At a linguistic environment, translations and edits do not stop. Therefore, while periodical fine-tuning of our NMT models can help, there is definitely a need to simultaneously take new translated and edited segments into consideration. Otherwise, the MT system will keep making the same mistakes, not always observing new terminology and style, until a new/fine-tuned version of the model is released. Hence, Online Learning or Online Adaptation comes in handy in such a situation, so that the NMT model can incrementally learn from new translations and edits as it goes along!
Multi-Domain Neural Machine Translation through Unsupervised Adaptation (Farajian et al., 2017) is one of the best papers I read about the topic, especially that it does this on the fly, so there is no need for training individual models. A similar approach is used by ModernMT for Adaptive NMT.
We can highlight the process offered by the paper as follows:
- Given a source input q (this can range from a single translation unit to an entire document), extract from the dataset/TM the top (source, target) pairs in terms of similarity between the source and q.
- Use the retrieved pairs to fine-tune the baseline model, which is then applied to translate q.
- After a linguist edits the MT translation and approves it, add it to the dataset/TM. Consider also having a dedicated “context” dataset for each client or project.
- Reset the adapted model to the original parameters, translate the next input source, and so on.
It is best applied in a CAT tool. The “dataset” or “parallel data” in this case is what linguists call a “translation memory”. “Instead of the static pool of in-domain parallel data, you can have a dynamic pool which is consistently updated by adding the new post-edited sentence pairs,” said Amin Farajian, the main auther of the paper. “You will have a system that learns constantly from your post-editions. Moreover, by having separate pools for each of your post-editors, you can even have MT systems that adapt to the style of your translators!”

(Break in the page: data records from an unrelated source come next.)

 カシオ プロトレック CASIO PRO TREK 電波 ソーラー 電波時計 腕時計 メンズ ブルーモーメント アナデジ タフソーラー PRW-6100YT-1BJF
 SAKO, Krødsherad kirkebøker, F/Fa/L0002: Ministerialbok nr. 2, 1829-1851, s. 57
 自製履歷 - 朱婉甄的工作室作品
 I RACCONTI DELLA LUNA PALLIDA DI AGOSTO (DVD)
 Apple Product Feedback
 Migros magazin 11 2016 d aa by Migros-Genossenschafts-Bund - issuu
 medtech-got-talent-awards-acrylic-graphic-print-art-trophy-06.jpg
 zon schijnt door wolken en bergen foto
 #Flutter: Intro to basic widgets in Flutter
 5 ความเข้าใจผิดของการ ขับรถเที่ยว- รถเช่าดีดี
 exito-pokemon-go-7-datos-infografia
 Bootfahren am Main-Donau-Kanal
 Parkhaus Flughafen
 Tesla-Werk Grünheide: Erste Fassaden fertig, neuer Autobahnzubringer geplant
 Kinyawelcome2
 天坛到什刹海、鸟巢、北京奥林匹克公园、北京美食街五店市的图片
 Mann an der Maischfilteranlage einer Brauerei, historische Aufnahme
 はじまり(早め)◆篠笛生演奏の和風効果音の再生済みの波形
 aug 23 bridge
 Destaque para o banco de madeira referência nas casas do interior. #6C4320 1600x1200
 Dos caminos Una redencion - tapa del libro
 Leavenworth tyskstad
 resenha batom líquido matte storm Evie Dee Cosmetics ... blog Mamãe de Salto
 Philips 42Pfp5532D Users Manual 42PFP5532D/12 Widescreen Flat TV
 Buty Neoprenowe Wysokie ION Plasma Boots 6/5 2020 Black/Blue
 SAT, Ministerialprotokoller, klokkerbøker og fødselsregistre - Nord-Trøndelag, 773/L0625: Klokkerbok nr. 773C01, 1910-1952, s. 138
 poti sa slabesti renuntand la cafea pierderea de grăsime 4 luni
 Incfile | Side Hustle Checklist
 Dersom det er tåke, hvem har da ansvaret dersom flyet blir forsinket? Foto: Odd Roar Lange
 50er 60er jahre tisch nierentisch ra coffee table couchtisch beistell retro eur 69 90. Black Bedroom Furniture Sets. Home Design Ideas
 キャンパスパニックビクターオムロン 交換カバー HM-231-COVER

Similarly, Emil Lynegaard explained the process in simple words. “When you use a context memory for a translation request, it will look for similar source paragraphs in the reference context memory. If any are found, […] it will briefly “fine-tune” the underlying model. This actually modifies the weights and biases of the neural network, albeit it only does so temporarily. When the fine-tuning has finished (this is typically a sub-second training run), then your input paragraph will be translated using the updated model, after which the model will have its weights reset to the original configuration.”
This human-in-the-loop, adaptive approach is just brilliant in multiple aspects. For example, it solves the issue of “catastrophic forgetting” that could happen due to fine-tuning on a small number of sentences by simply resetting the model. Moreover, it does this in a straightforward way without having to change the original architecture of the model.
For the purpose of testing the system, we need to create development and tests datasets. According to the paper, “from each specific domain a set of size 500 sentence pairs is randomly selected as development set, and 1,000 sentence pairs are used as held-out test corpus.”
One matter we need to notice about this approach though is that while it saves time and resources by eliminating the need for training many in-domain/custom models, especially if these domains have limited data, the approach is still compute-intensive as it would require real-time use of GPUs, usually equivalent to those used for training the baseline model. That said, I believe in some scenarios this approach can be a perfect solution, especially if it is combined with other lines of work like Knowledge Distillation (Kim and Rush, 2016; Crego and Senellart, 2016; Zhang et al., 2018) to make the fine-tuning process more efficient.
I was honoured that I presented this paper among others in my presentation about NMT Domain Adaptation Techniques at AMTA2020.